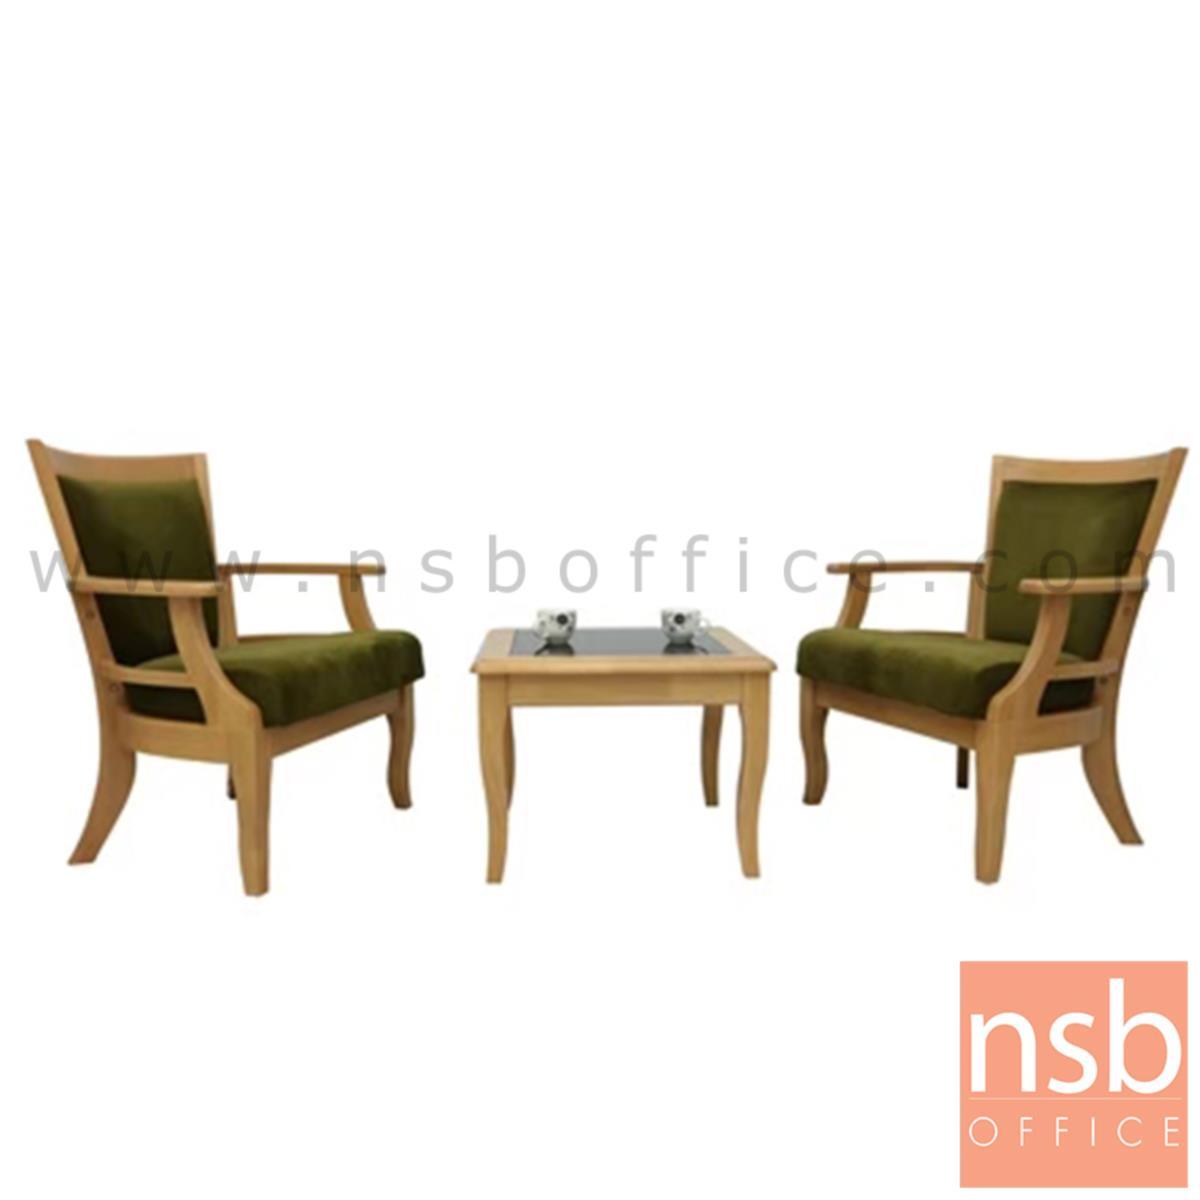 โซฟารับแขก รุ่น Kashmir (แคชเมียร์) 5, 3, 2, 1 ที่นั่ง โครงไม้ยางพารา
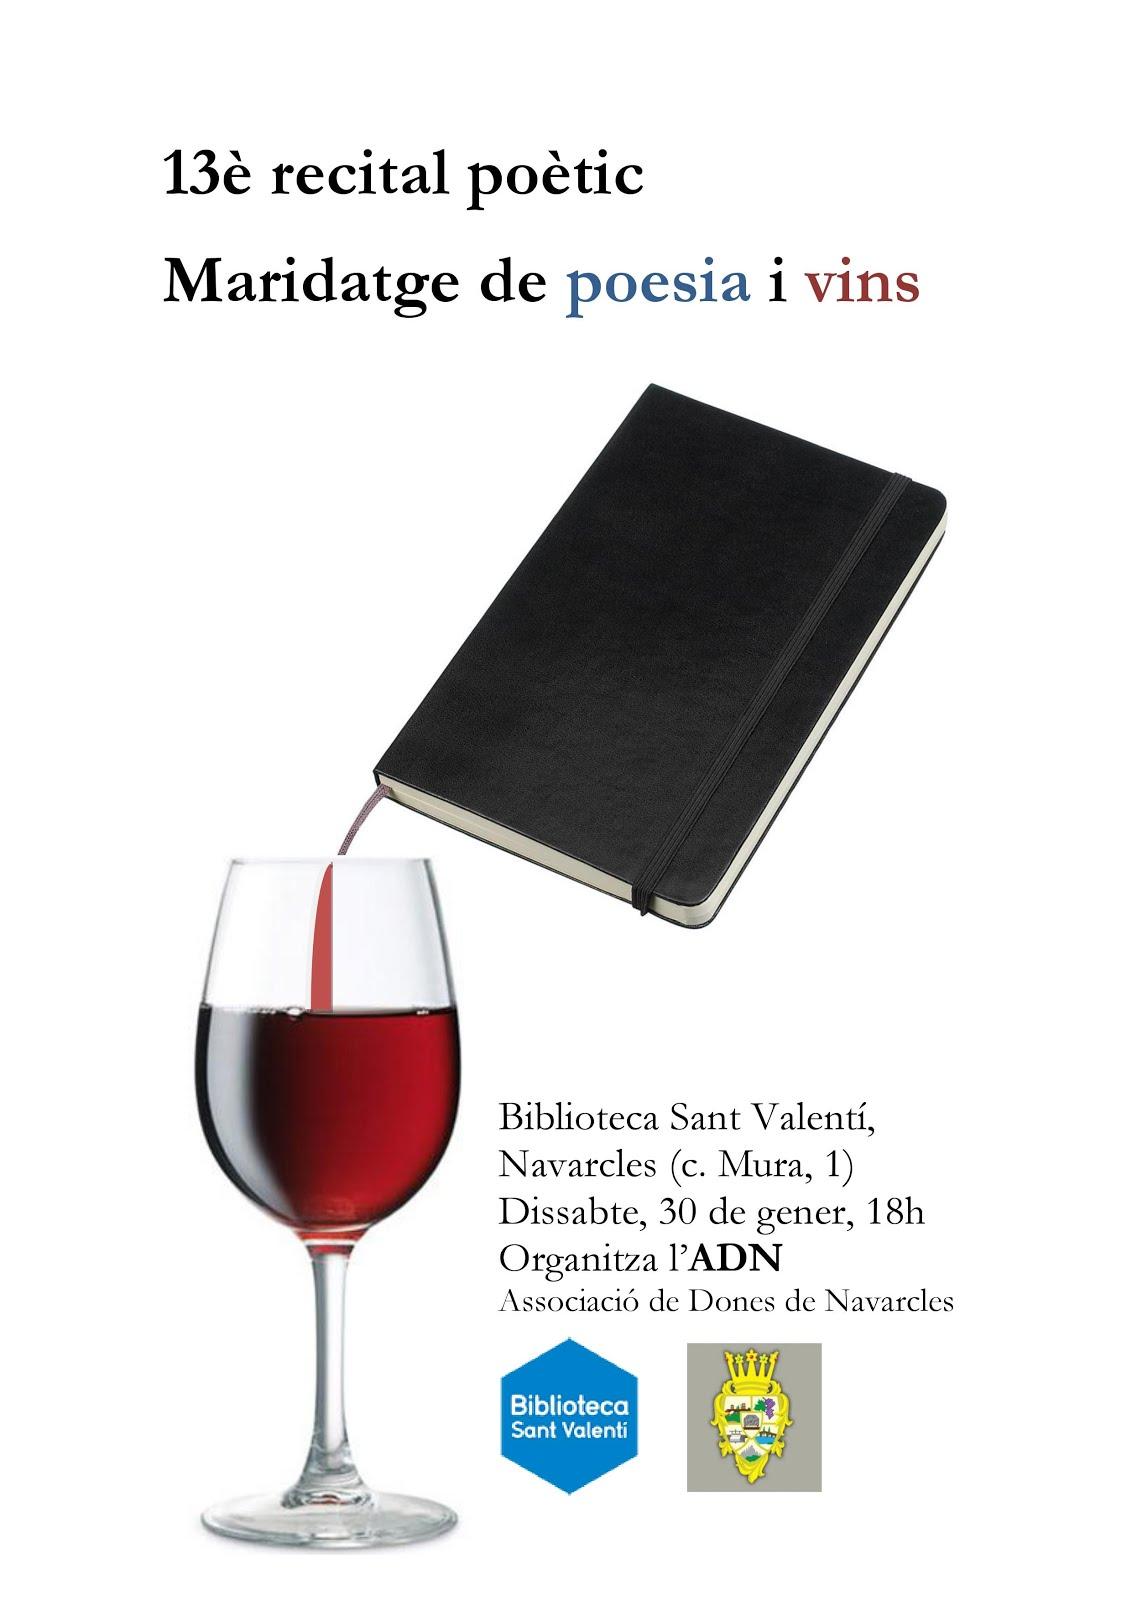 13è recital Maridatge de poesia i vins
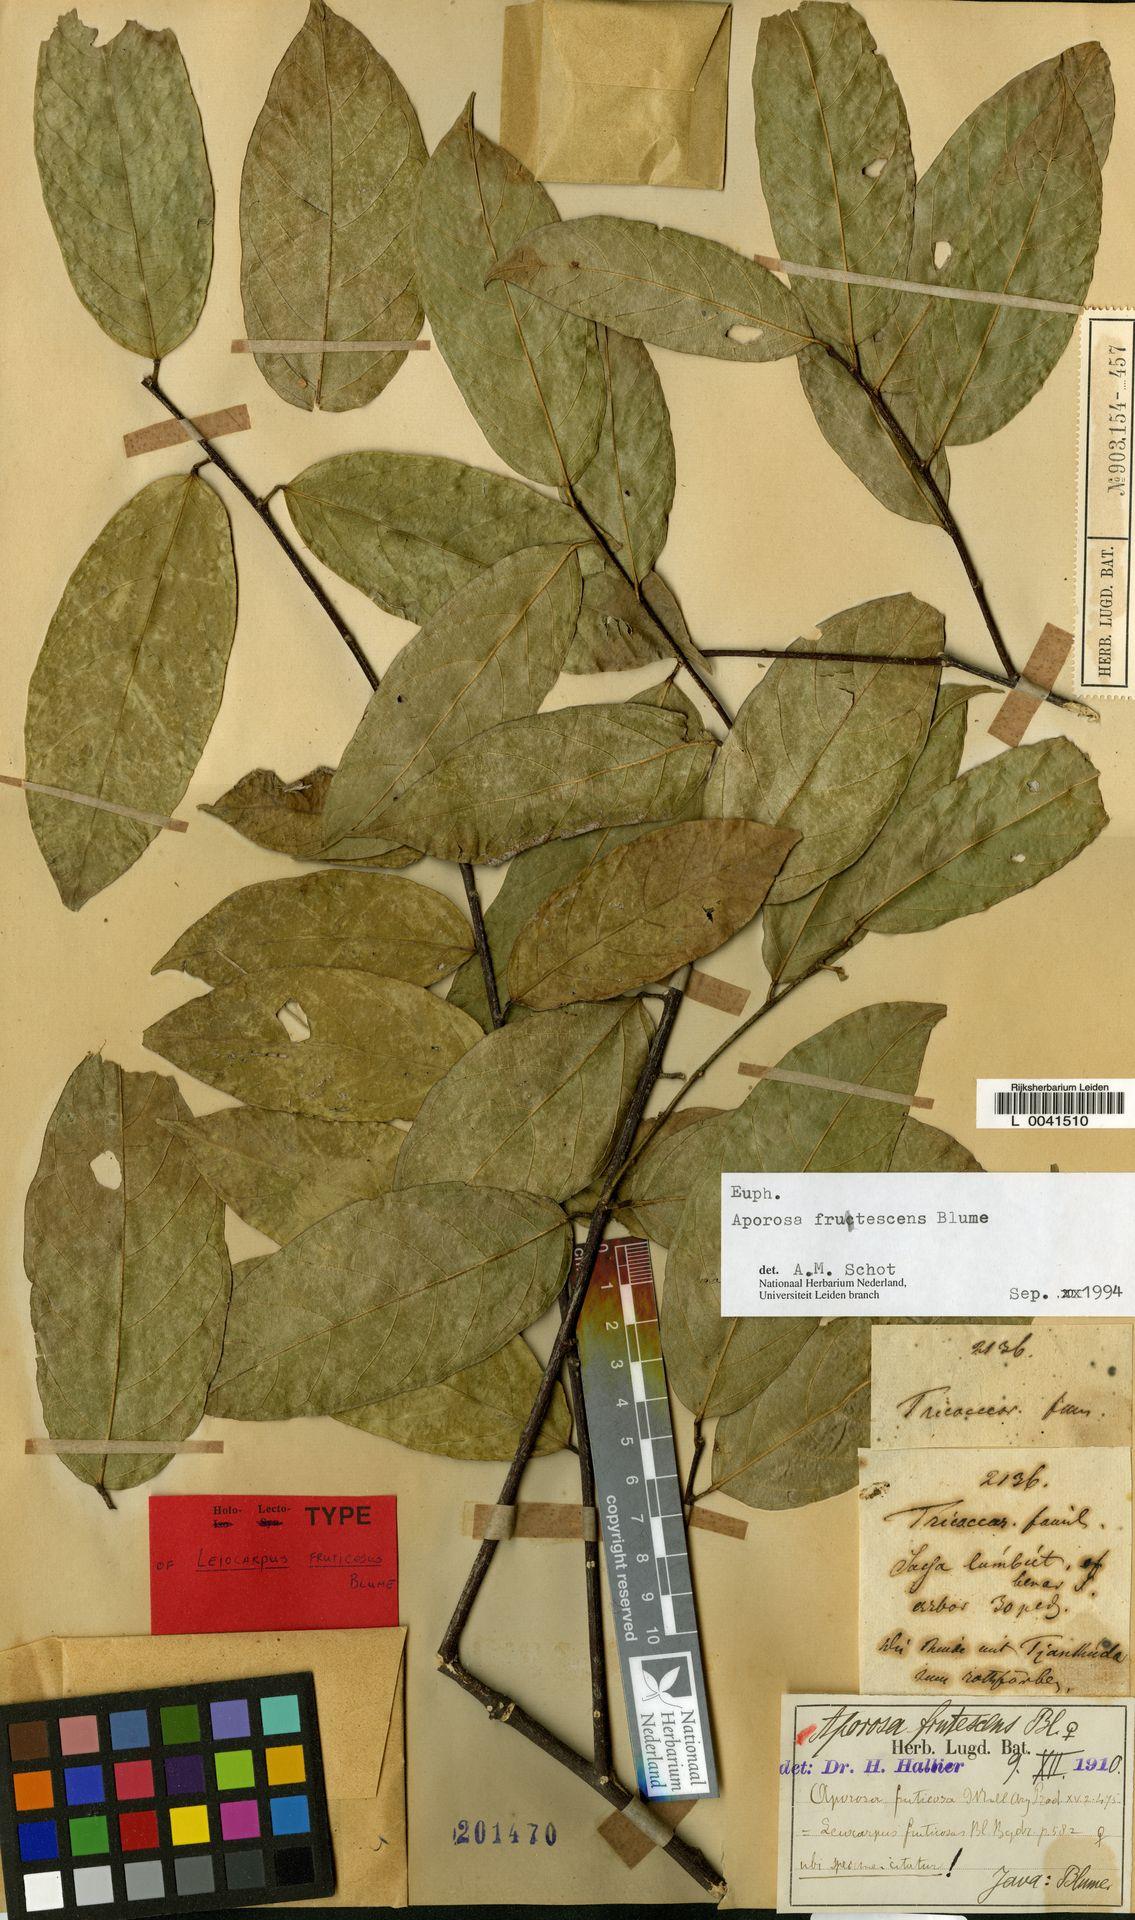 L  0041510 | Aporosa frutescens Blume

### [ABOUT THIS EXERCISE]
Could you give the material again exactly as it stands, omitting any image?

### [YOUR RESPONSE]
 โซฟารับแขก รุ่น Kashmir (แคชเมียร์) 5, 3, 2, 1 ที่นั่ง โครงไม้ยางพารา
 13è recital Maridatge de poesia i vins
 L  0041510 | Aporosa frutescens Blume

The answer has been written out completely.